For readers familiar with tensor calculus, the g-factor construction can be expressed in index notation, which clarifies its relationship to the tensor contractions that appear later in the book.

Let C^i denote the i-th component of the cognitive profile tensor (an upper index denoting a contravariant vector in cognitive space). The covariance matrix is:

\Sigma^{ij} = \langle (C^i - \langle C^i \rangle)(C^j - \langle C^j \rangle) \rangle

where \langle \cdot \rangle denotes the population average. The g-factor is the contraction:

g = v_i C^i

where v_i is the first eigenvector of \Sigma^{ij} (lowered index indicating it acts as a covector). This contraction maps the cognitive tensor from a vector in n-dimensional space to a scalar. The information destroyed is the component of C^i orthogonal to v_i—that is, the projection onto the (n-1)-dimensional subspace spanned by v_2, \ldots, v_n.
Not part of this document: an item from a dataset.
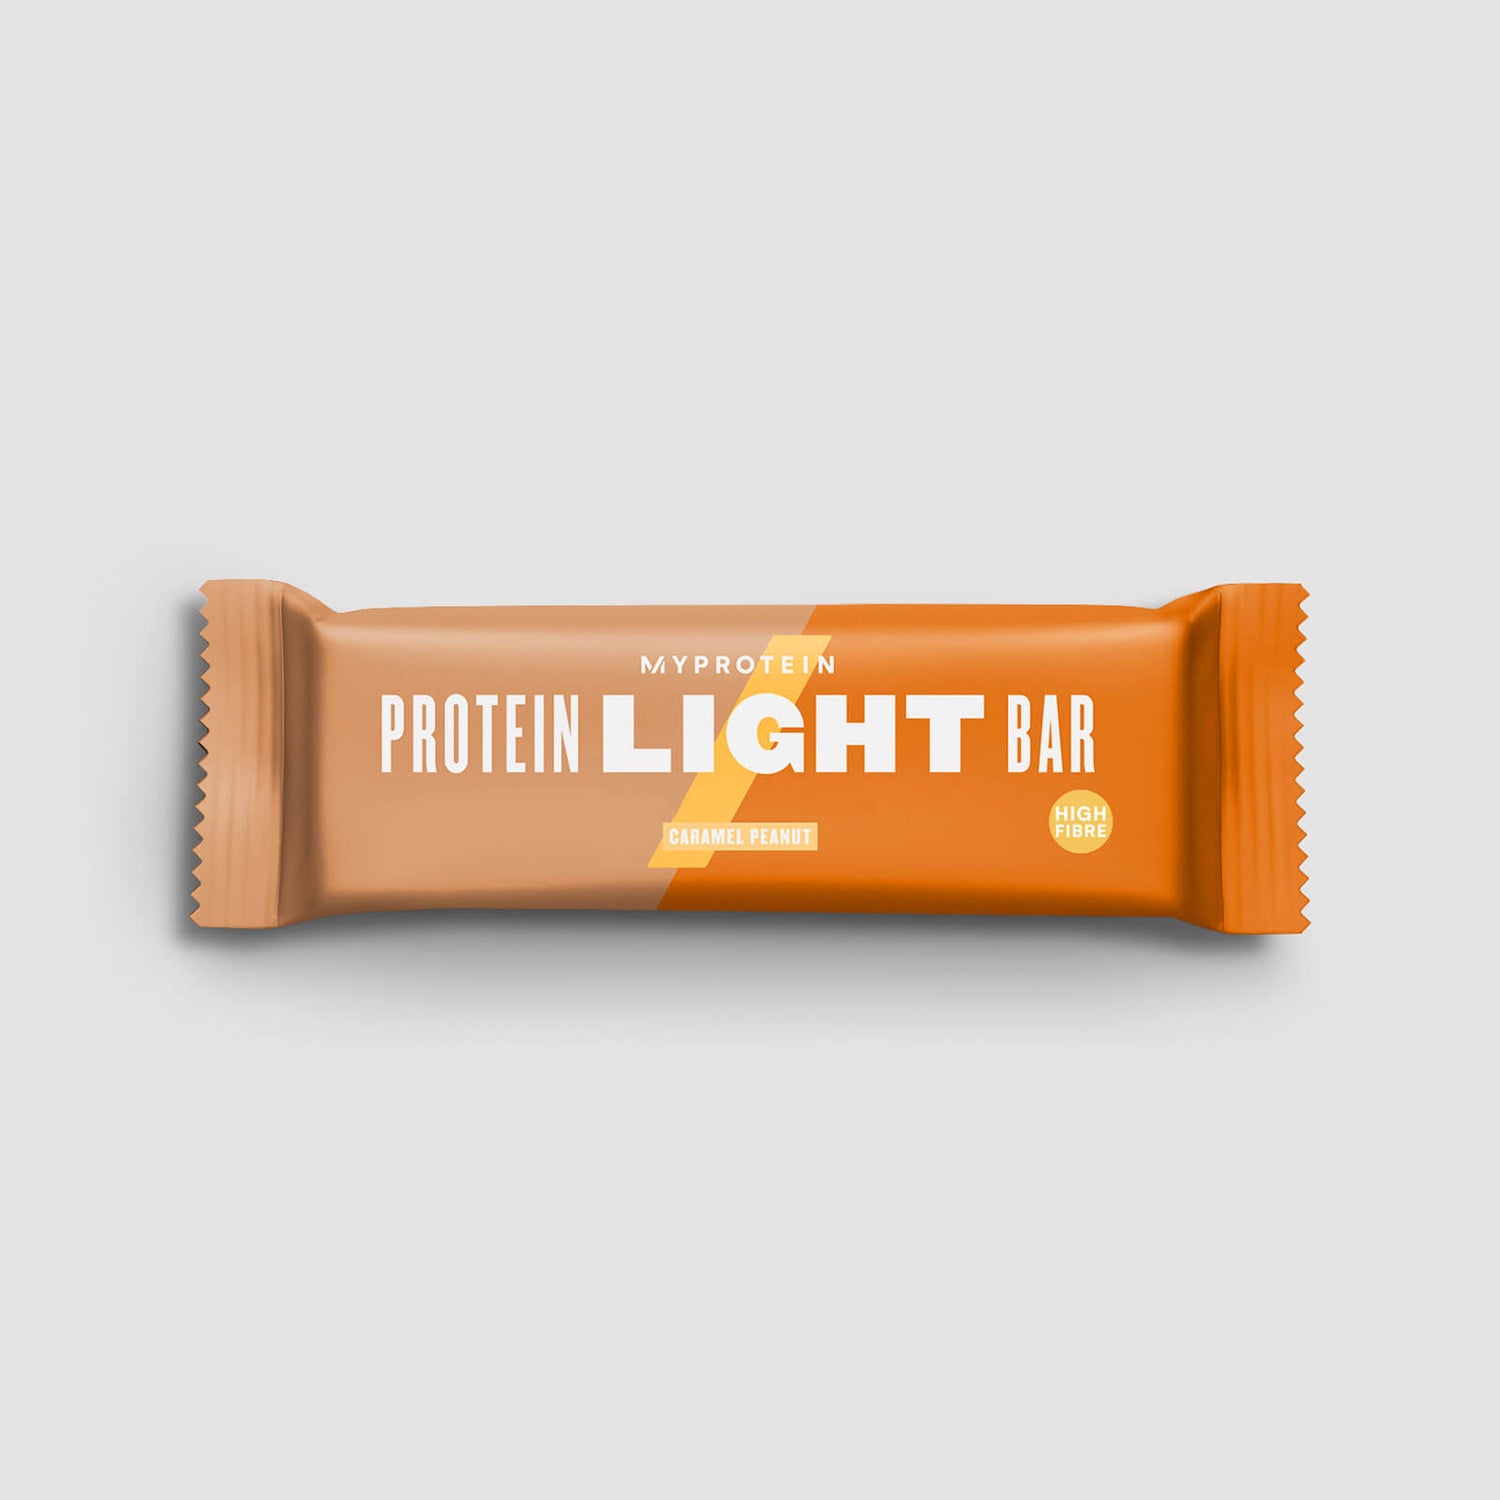 Protein Light Bar (Sample) - 65g - Speculoos

In Chapter 3, we will introduce the full Riemannian metric g_{\mu\nu} on the cognitive manifold, and the distinction between the g-factor (a scalar contraction) and the metric tensor (a bilinear form on the tangent space) will become both notationally and conceptually important. The g-factor contracts the cognitive tensor to a point on a line. The metric tensor preserves the full structure of the cognitive space by defining distances, angles, and curvatures. The g-factor is a shadow; the metric is the object that casts it.